* [Data]:
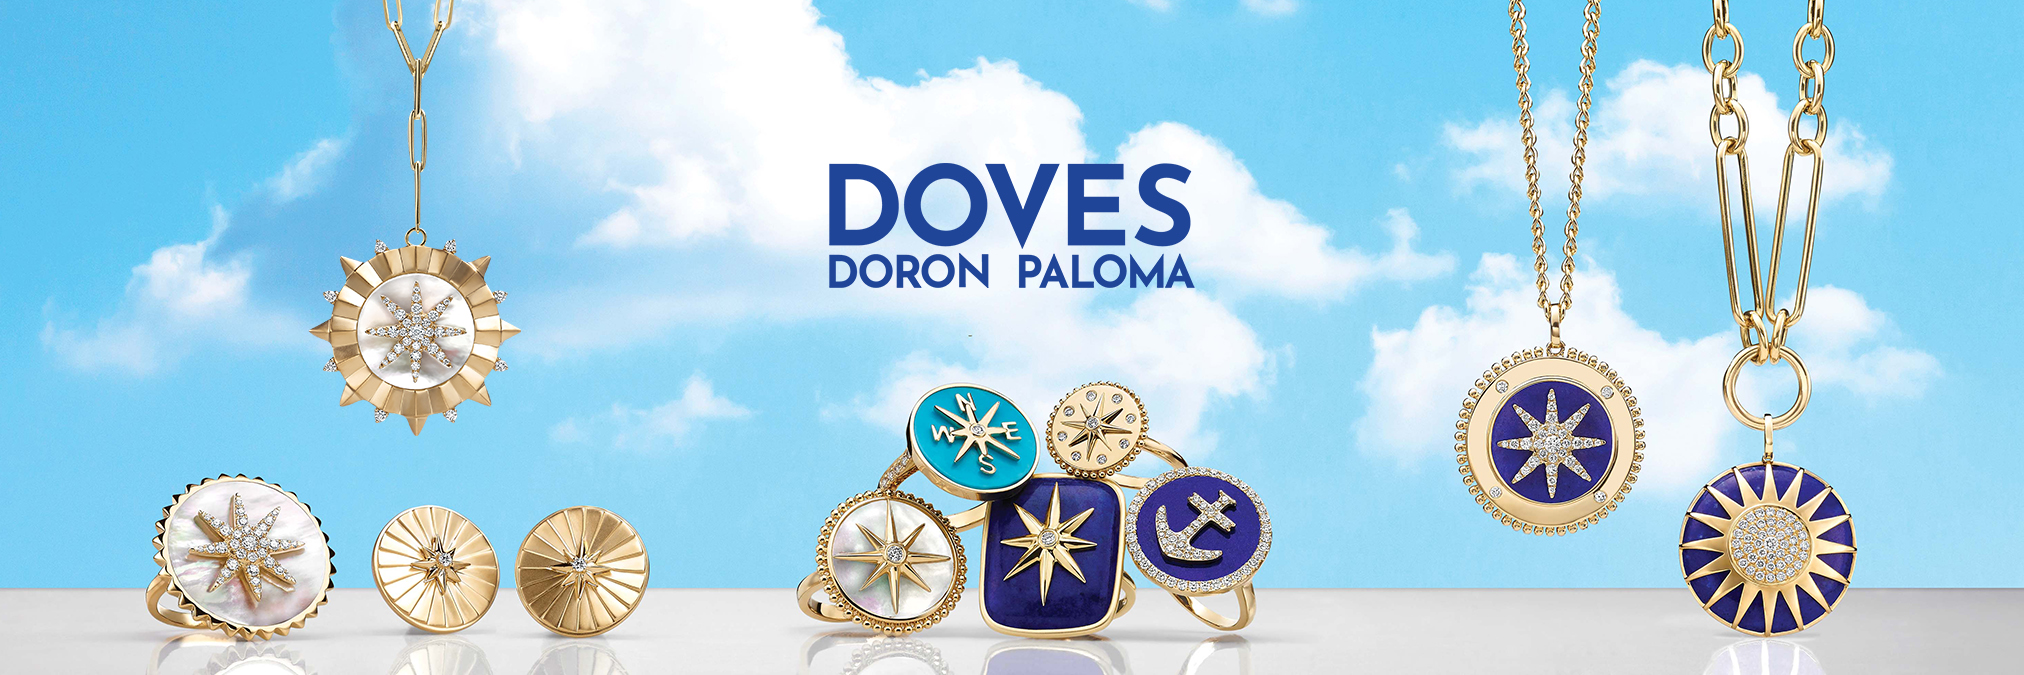 Costello Jewelry Company Doves by Doron Paloma
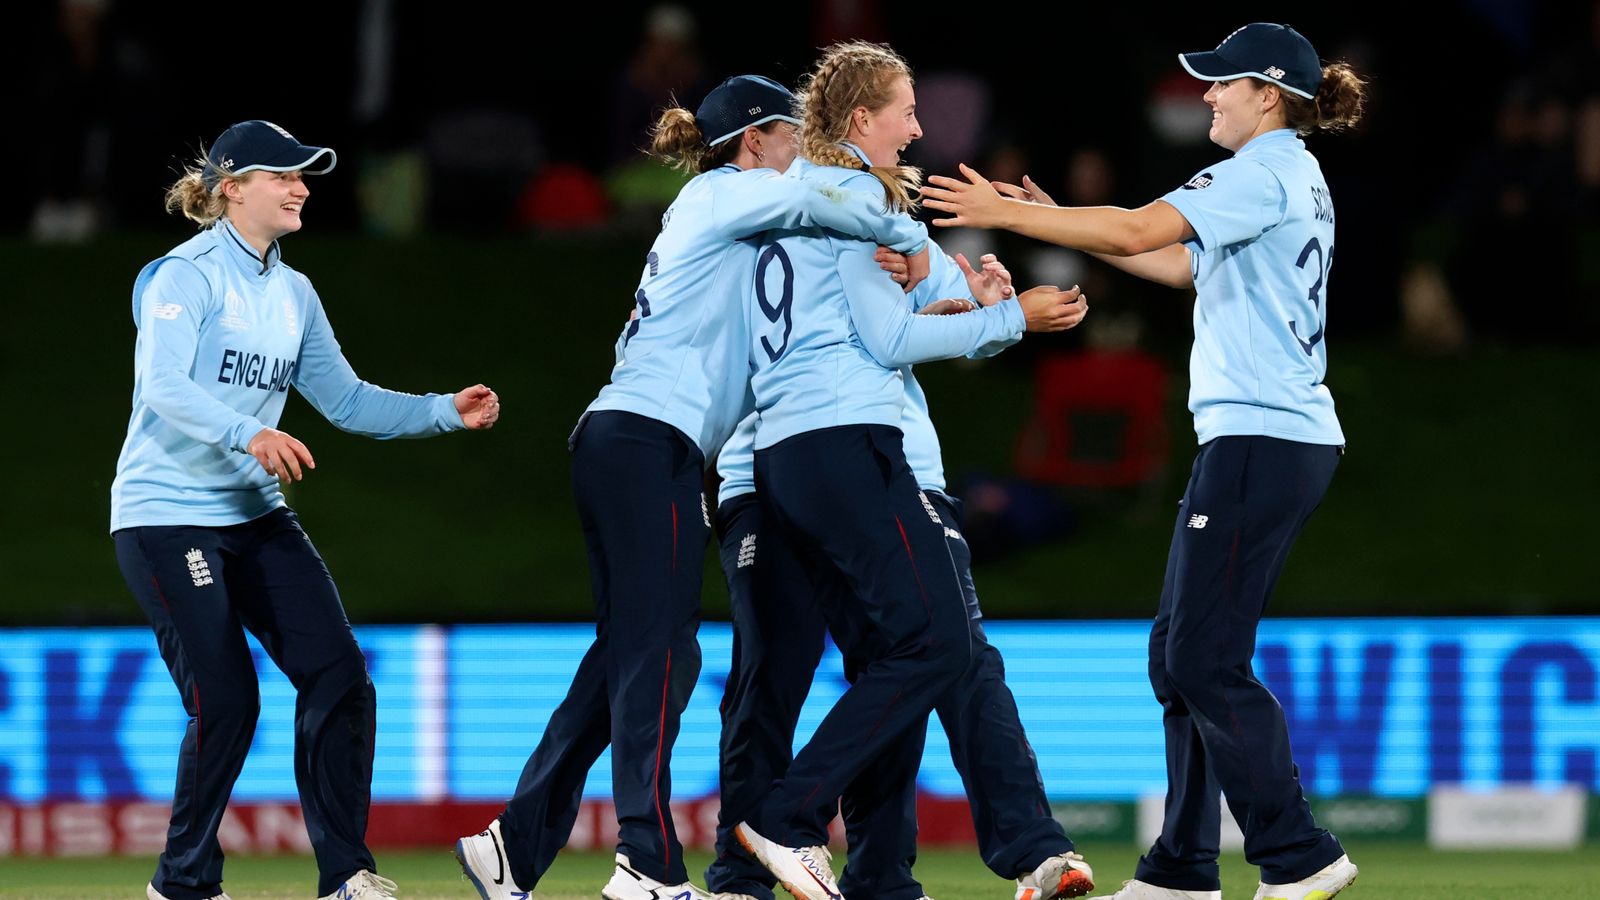 Finale de la Coupe du monde de cricket féminin : l’Angleterre affrontera l’Australie |  Nouvelles du monde
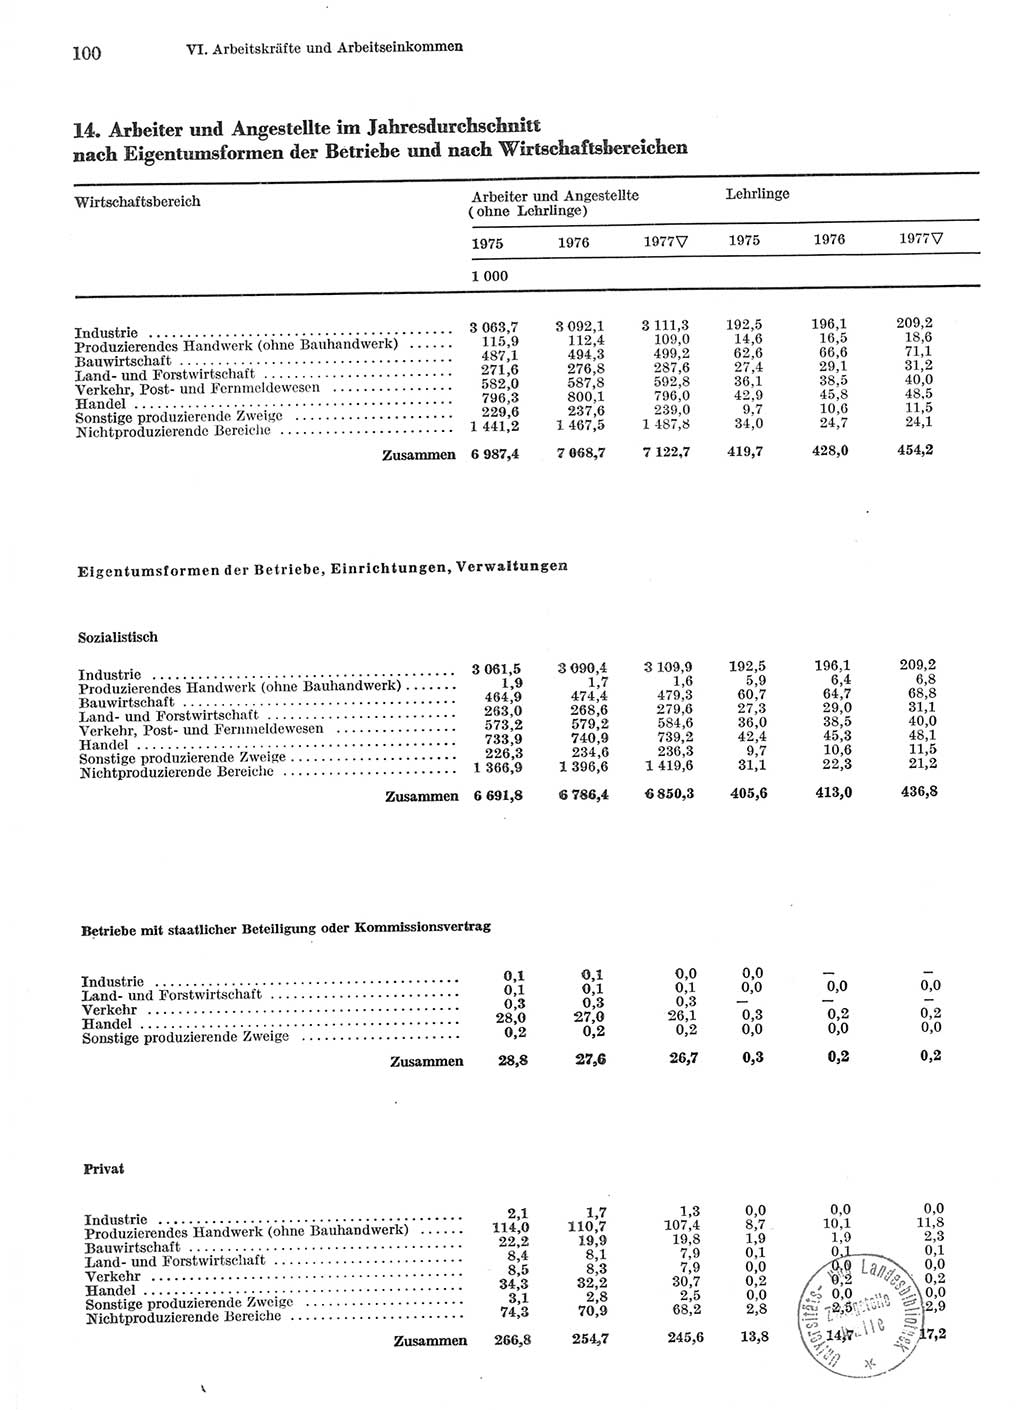 Statistisches Jahrbuch der Deutschen Demokratischen Republik (DDR) 1978, Seite 100 (Stat. Jb. DDR 1978, S. 100)

* [Task brief]: Please restate all of the listing above word for word, with no pictures.

* [Answer space]:
 Costello Jewelry Company Doves by Doron Paloma
 Finale de la Coupe du monde de cricket féminin : l’Angleterre affrontera l’Australie |  Nouvelles du monde
 Statistisches Jahrbuch der Deutschen Demokratischen Republik (DDR) 1978, Seite 100 (Stat. Jb. DDR 1978, S. 100)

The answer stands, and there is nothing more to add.